Each SSTable has an associated Bloom filter, which can establish that an SSTable does not contain certain partition data. A Bloom filter can also determine the likelihood that partition data is stored in an SSTable by narrowing the pool of keys, which increases partition key lookup.

The DSE database checks the Bloom filter to discover which SSTables are likely to have the requested partition data. If the Bloom filter does not rule out an SSTable, the DSE database checks the partition index. Not all SSTables identified by the Bloom filter will have data. Because the Bloom filter is a probabilistic function, it can sometimes return false positives.

The Bloom filter is stored in off-heap memory, and grows to approximately 1-2 gigabytes (GB) per billion partitions. In an extreme case, each row can have a partition, so a single machine can easily have billions of these entries. To trade memory for performance, tune the Bloom filter.

Partition index

The partition index maps partition keys to a row index and supports iteration from a partially specified partition position if required. The size of database partitions often varies. The partition index trie data structure uses a unique byte-ordered partition key prefixes to point to:
  • A row index for tables that have wide partitions
  • Directly to the data position in a file for tables that have partitions that only include a few rows or a single row

If a leaf of the trie is reached, then the prefix of the partition key matches some content in the file, but we are not yet sure if it is a full match for the partition key.
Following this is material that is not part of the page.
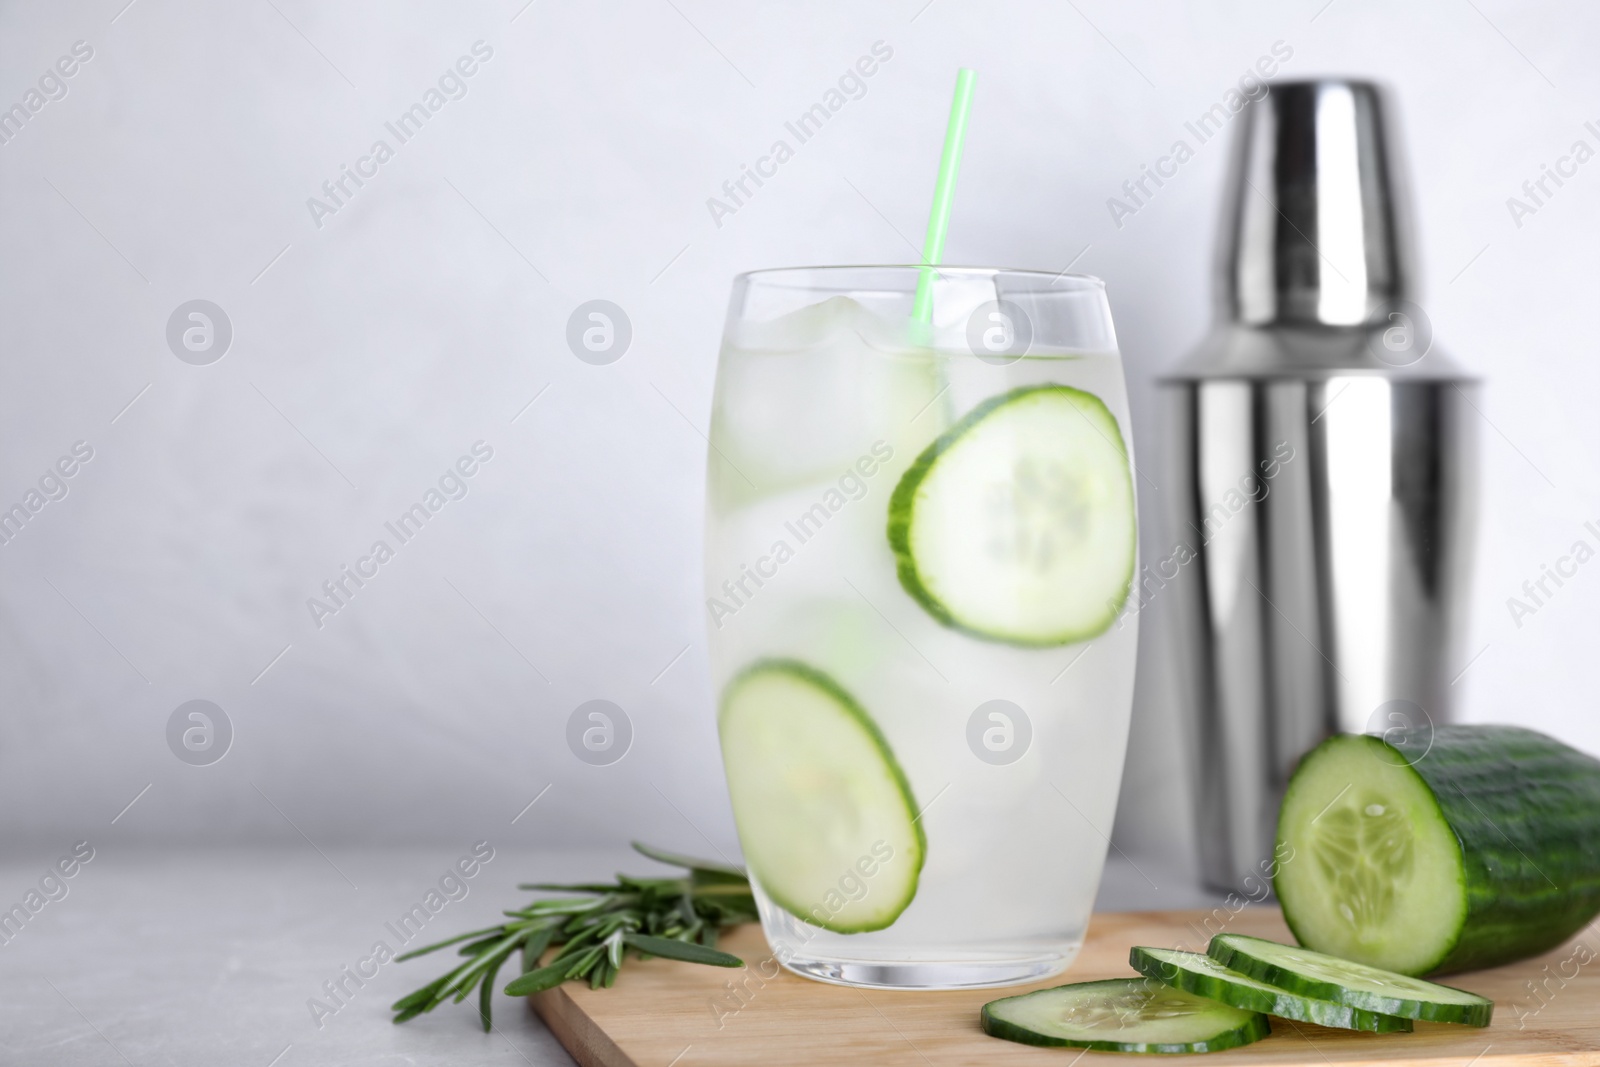 Photo of Composition with glass of cucumber martini on table against light background. Space for text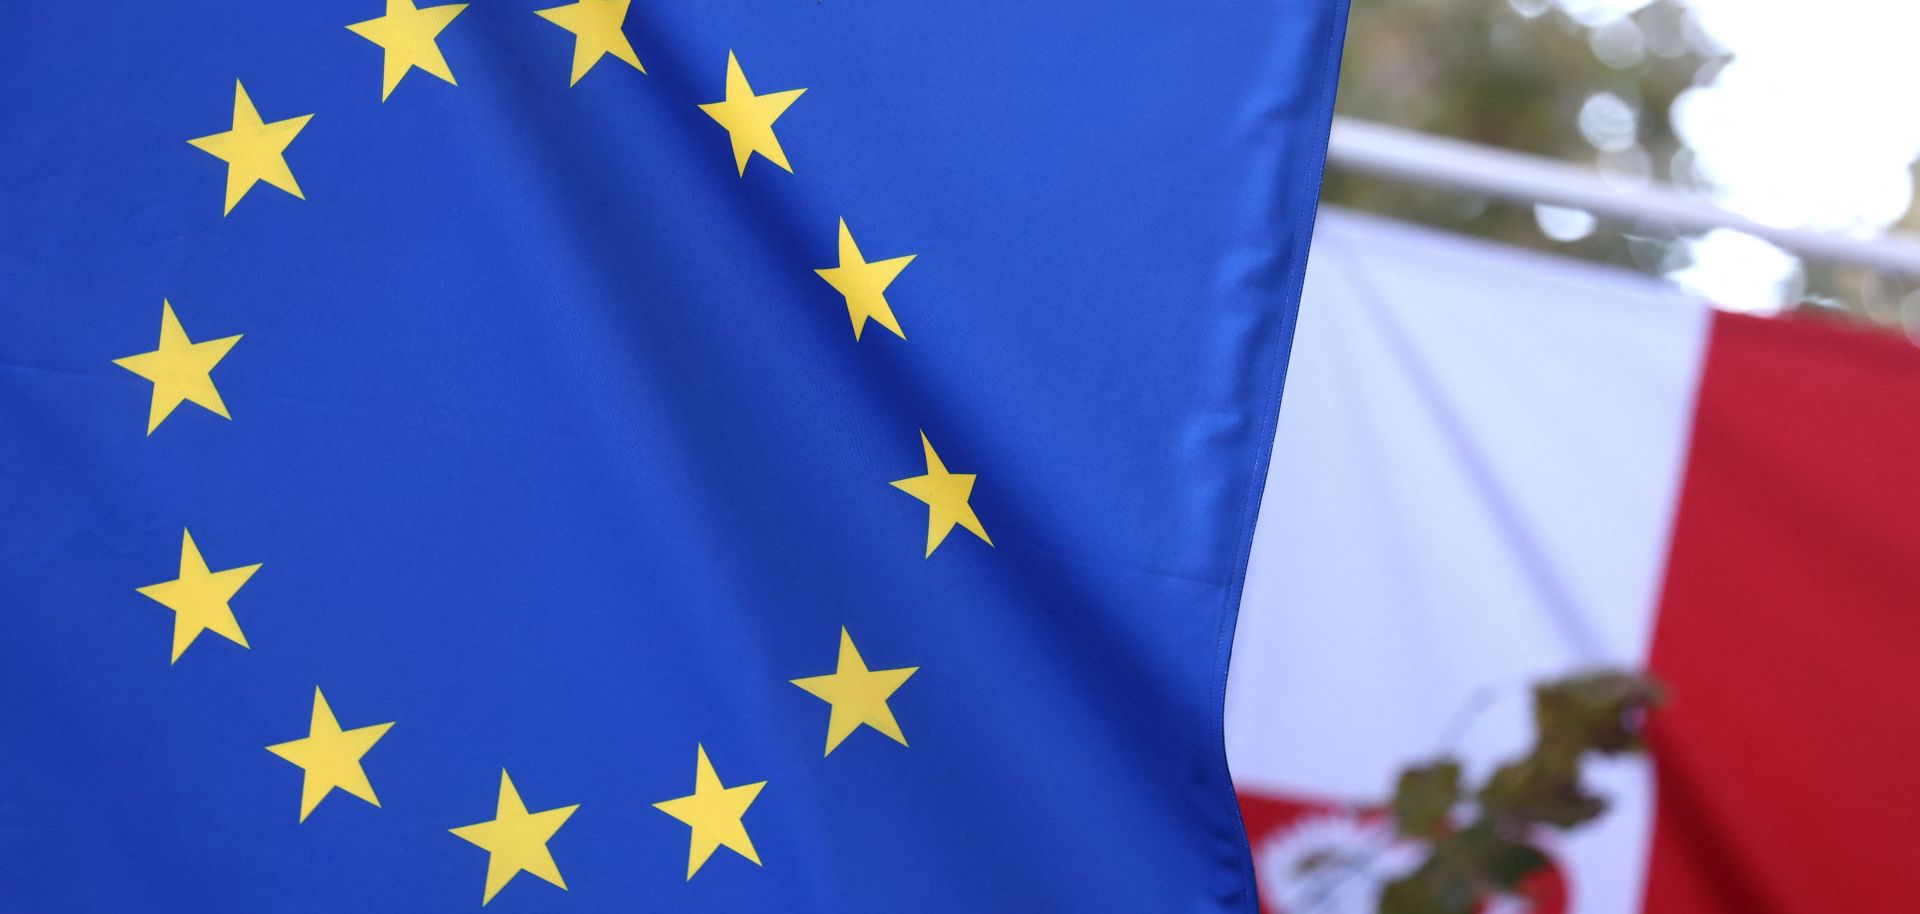 The EU and Polish flags are seen at the entrance of the Polish Permanent Representation to the European Union on Oct. 8, 2021, in Brussels, Belgium.

The leaf node points to a place in the row index or data file. In either case, the first bytes at the specified position contain a serialization of the partition key, which is compared to the mapped key. If it matches, we have found the partition. If not, since the stored prefixes are unique, no data for this partition exists in the SSTable.

Uncompressed data in chunk cache (memory)

The chunk cache buffers data before it is compressed and written to an SSTable. When reading data, uncompressed data is checked first. If the data is compressed and on disk, the process uses the compression offset map to locate the data on disk and uncompress the SSTable into memory. See Compaction.

Compression offset map

The compression offset map stores pointers to the exact location on disk where the desired partition data will be found. This location is stored in off-heap memory and is accessed by either the partition key cache or the partition index. After the compression offset map identifies the disk location, the desired compressed partition data is fetched from the correct SSTable(s). The query then receives the result set.
Note: Within a partition, all rows are not equally expensive to query. The very beginning of the partition (the first rows, clustered by your key definition) is slightly less expensive to query because there is no need to consult the partition-level index.

The compression offset map grows to 1-3 gigabytes (GB) per terabyte (TB) compressed. The more data is compressed, the greater number of compressed blocks required, and the larger the compression offset table. Compression is enabled by default even though going through the compression offset map consumes CPU resources. Having compression enabled makes the page cache more effective, and typically results in a timely search.